It’s the proverbial question.
Did my anxiety beget my depression? Or am I worried how things will turn out because of my depression?
Worry-wort. My own worst enemy. Always running things through my head. So sensitive. Beating a dead horse. All of these are terms used to describe me at one time or another.
I do have a tendency to perseverate. I can’t let things go. I worry them like a dog with a bone that is impervious to bite marks. It’s not productive. It’s not reassuring. It’s a form of torment actually.
In college, after my roommate had left for the weekend, I would lie on my top bunk and stare out the window, wondering why I couldn’t go out and round up new friends as easily as everyone else seemed to be doing. I would watch the sun set, thinking how alone I was.
As August neared its end one year, I bought a thin volume entitled, Why Are You Worrying? As the cashier plugged my purchase into the register, he asked, “Are you a teacher?’ He said he’d bought the same book at the start of a school year once too. While he may have bought the book for the same reasons I did, no self-help book could help me turn off the worry. I triangulated every possible scenario in the classroom; how I would put out fires, cut off conflicts at the knees before they stood up, squash rebellion before it started. But you can’t plan for every permutation. The very nature of education is the X factor.
And this nervous nature – is that what plunged me into depression when life became so overwhelming as a mother of three? I couldn’t control anything, didn’t understand and couldn’t fix the feelings I was having, and felt really crappy as a result.

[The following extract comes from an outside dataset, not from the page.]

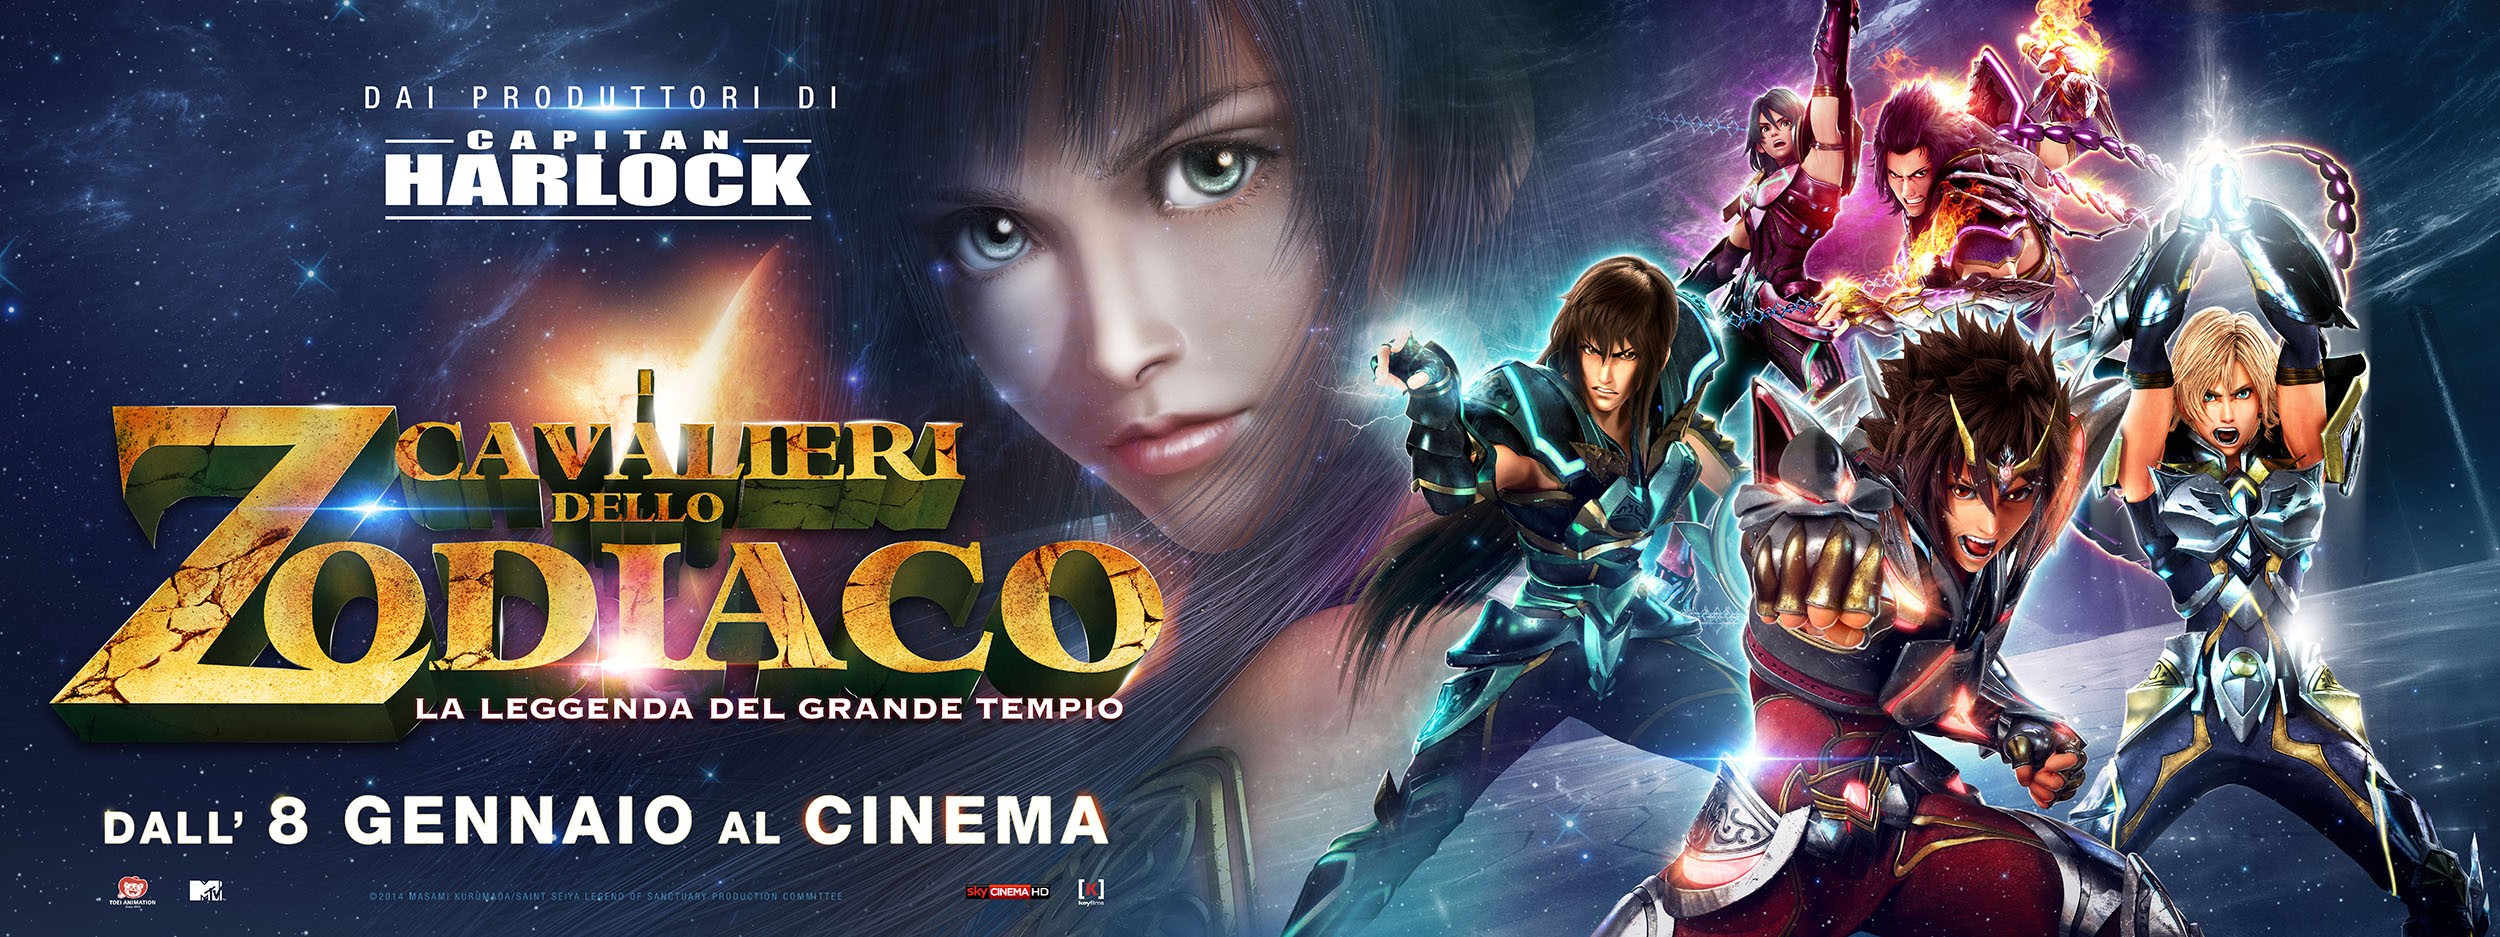 Mega Sized Movie Poster Image for I Cavalieri dello Zodiaco - La leggenda del Grande Tempio (#9 of 9)

Or is it viewing life through the dark glasses of depression that makes me see the shadows of worry in every corner?
It’s all tumbled together in the dryer at the highest setting anyway.
The only ‘good’ thing about all of it is that what I thought was a flaw on my part, a weakness, an inability to achieve, connect, push myself, believe in myself, is really anxiety. I’m not this wimpy, pathetic, sad sack. I have an excuse! A reason, a rationalization, a disease. Good for me!
So chicken or egg – it’s all part of the cycle of life. All I can do is try not to get scrambled.